Below are the records; repeat exactly their lines between the line holding "Anda Photography Bellingham" and the line holding "ORIGINAL MORELLATO Ring", inclusive, skipping the pictures.

• **Provided entries**:

►

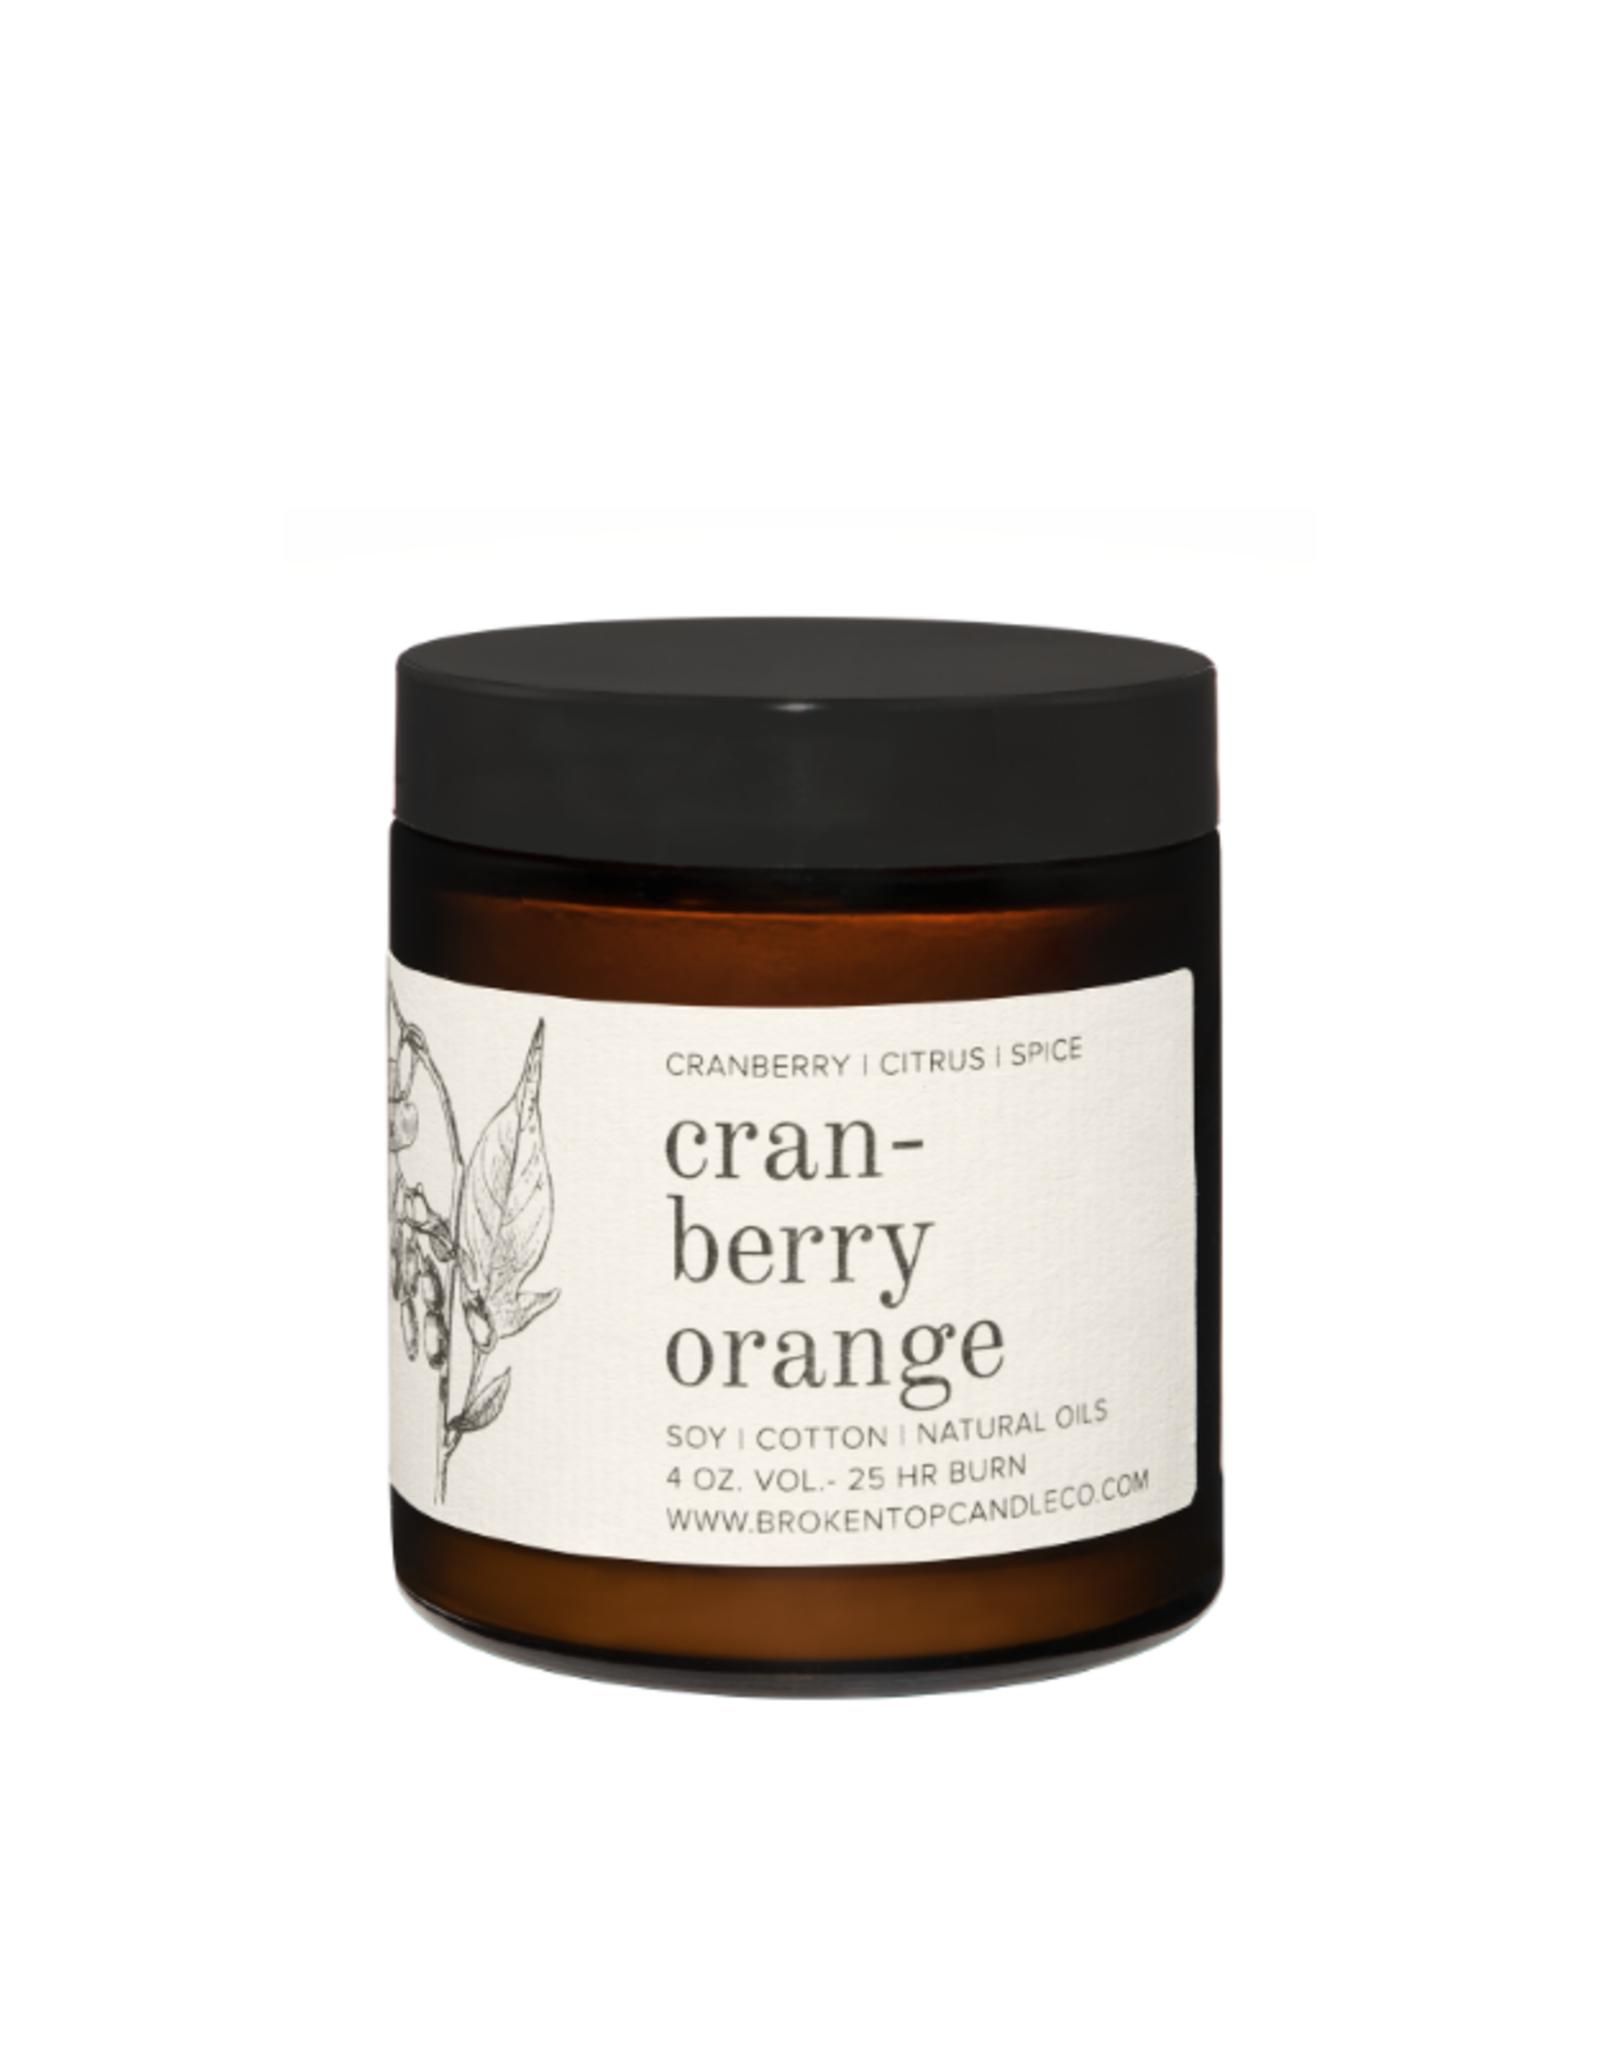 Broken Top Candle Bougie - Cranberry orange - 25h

◄
►

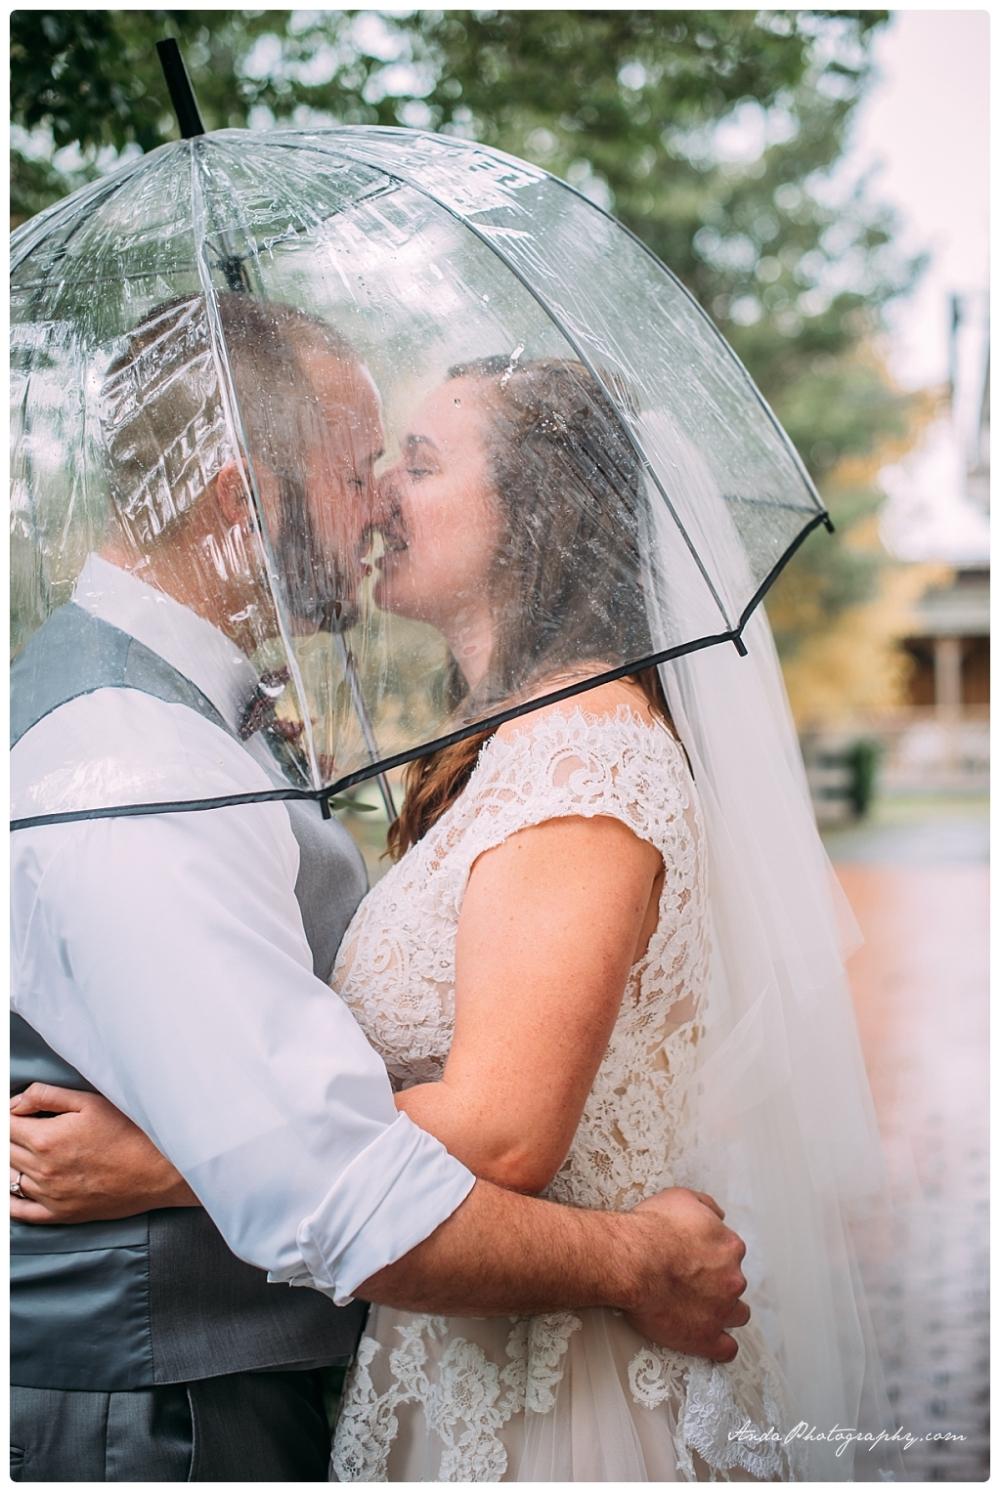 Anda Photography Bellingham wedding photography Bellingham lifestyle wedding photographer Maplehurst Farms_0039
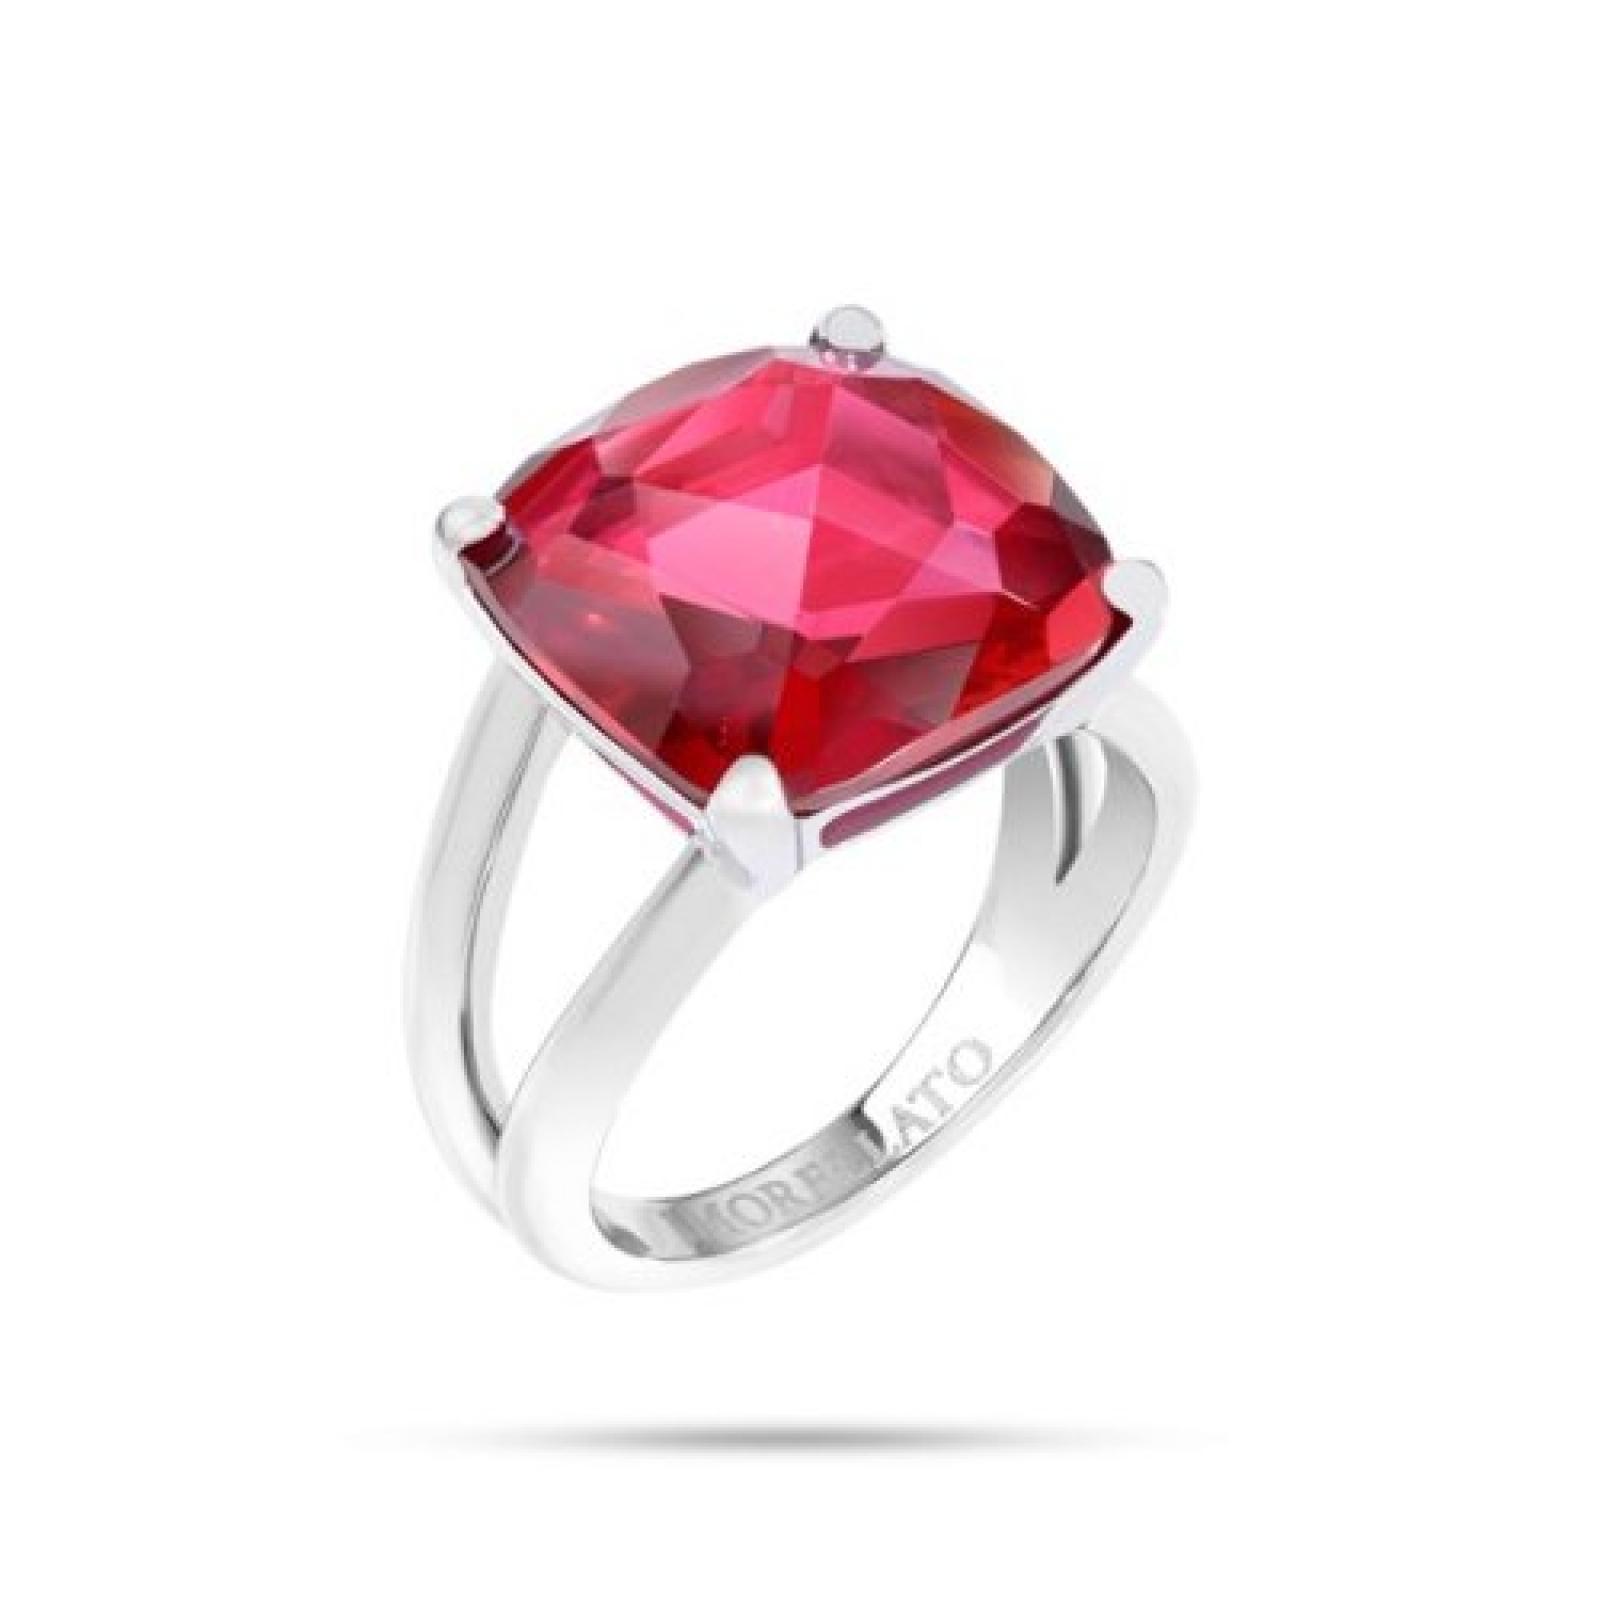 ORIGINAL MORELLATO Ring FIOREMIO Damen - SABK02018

◄

• **Answer for the task**:
 Anda Photography Bellingham wedding photography Bellingham lifestyle wedding photographer Maplehurst Farms_0039
 ORIGINAL MORELLATO Ring FIOREMIO Damen - SABK02018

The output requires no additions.